Static analysis methods [9] - [11] are practical ones and applicable for general problems. They compute maximum error of each operation in a program statistically, and estimate word length of function units which guarantees the specified accuracy. This type of method do the 1-pass estimation using program analysis, so the processing time is far small compared with simulation based approaches. George A. Constantinides et al. presents an approach to the word length allocation and optimization problem for linear digital signal processing systems in [9] . In the optimization, word length of fixed-point operation units are determined by using mixed integer programming technique. They also propose enhanced method [10] which is applicable for nonlinear system. The approximation technique based on Tailor expansion is used for non-linear structures. In the [11] , a static error analysis technique for the code generation of DSP application is introduced. The smart interval method Affine Arithmetic [12] is used instead of the traditional interval method Interval Arithmetic [13] at the error analysis.
We have been developing bit-length optimization system based on static analysis [14] , [15] . In this paper, we propose the refined optimization algorithm. The main feature is the formalization into a non-linear problem. A computational error due to the conversion from floating-point to fixed-point operation is estimated statistically, and NLP technique is applied for the area & speed optimization. By using NLP based optimization, a near optimum solution which guarantees the specified accuracy is computed in short time, and additional constraints can be appended easily.
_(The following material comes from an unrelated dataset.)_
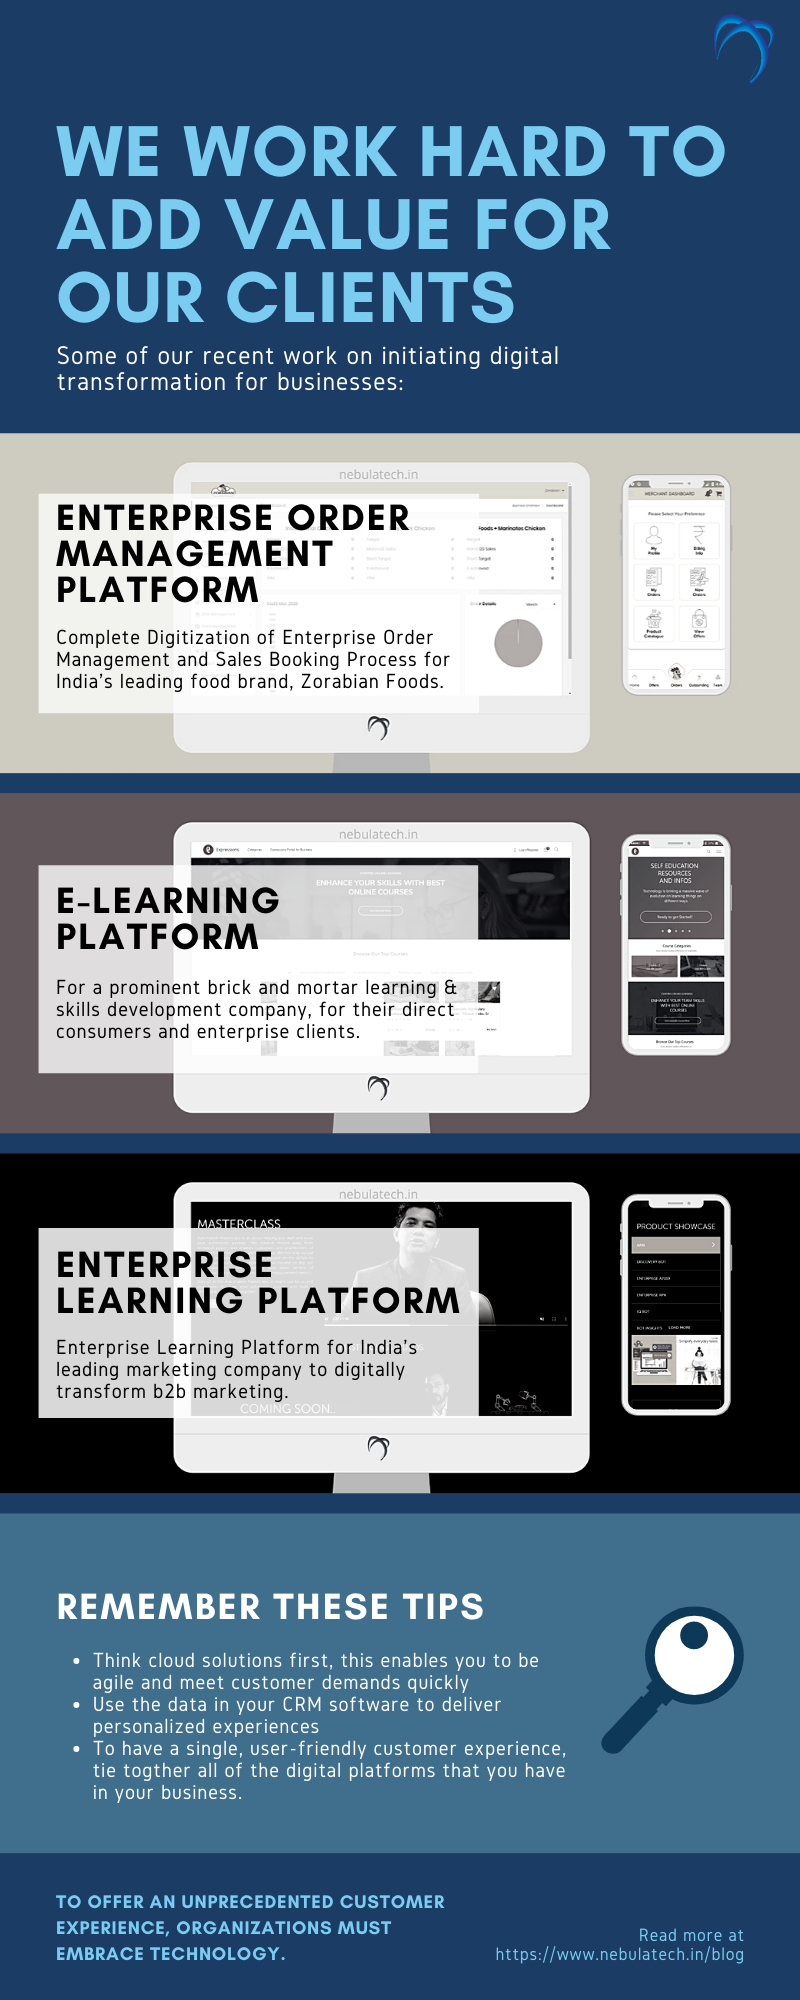 digital technology digital india mobile app marketing online learning solutions

The remainder of the paper is organized as follows: next section introduces the overview of our compiler, and Sect. 3 presents fixed-point arithmetics. Section 4 describes Copyright c 2006 The Institute of Electronics, Information and Communication Engineers our error model and error propagation method based on affine arithmetic. Then, Sect. 5 explains the bit-length optimization method with the non-linear programming formulation. Section 6 shows implementation and evaluation, and Sect. 7 has the conclusion.
Bit-Length Optimization Flow
The optimization flow of the proposed compiler is show in Fig. 1 . The input language is written in SystemC [16] . The custom integer type (sc int) or fixed-point type (sc fixed) are defined in SystemC, so it is appropriate to describe an original algorithm.
The compiler receives an original algorithm including both char/int data type and float/double data type, then do the lexical/syntactic/semantic analysis. After the preprocessing, Control/Data Flow Graph (CDFG) is constructed. The CDFG consists of basic blocks, and each block contains a partially ordered set of operations and control flows to other basic blocks. Next two steps are analysis to detect the value range and computational error where general 16/32-bit integer operations and floating-point operations are analyzed. The result of the analysis is used in the following step, "Formulation for the non-linear programming." A general non-linear solver can be applied to solve the problem, and optimized bit-length of variables/function units are computed. However, the result is real value, so the extra rounding operation is applied to get integer result. After these steps, fixed-point algorithm or RT-level code will be generated.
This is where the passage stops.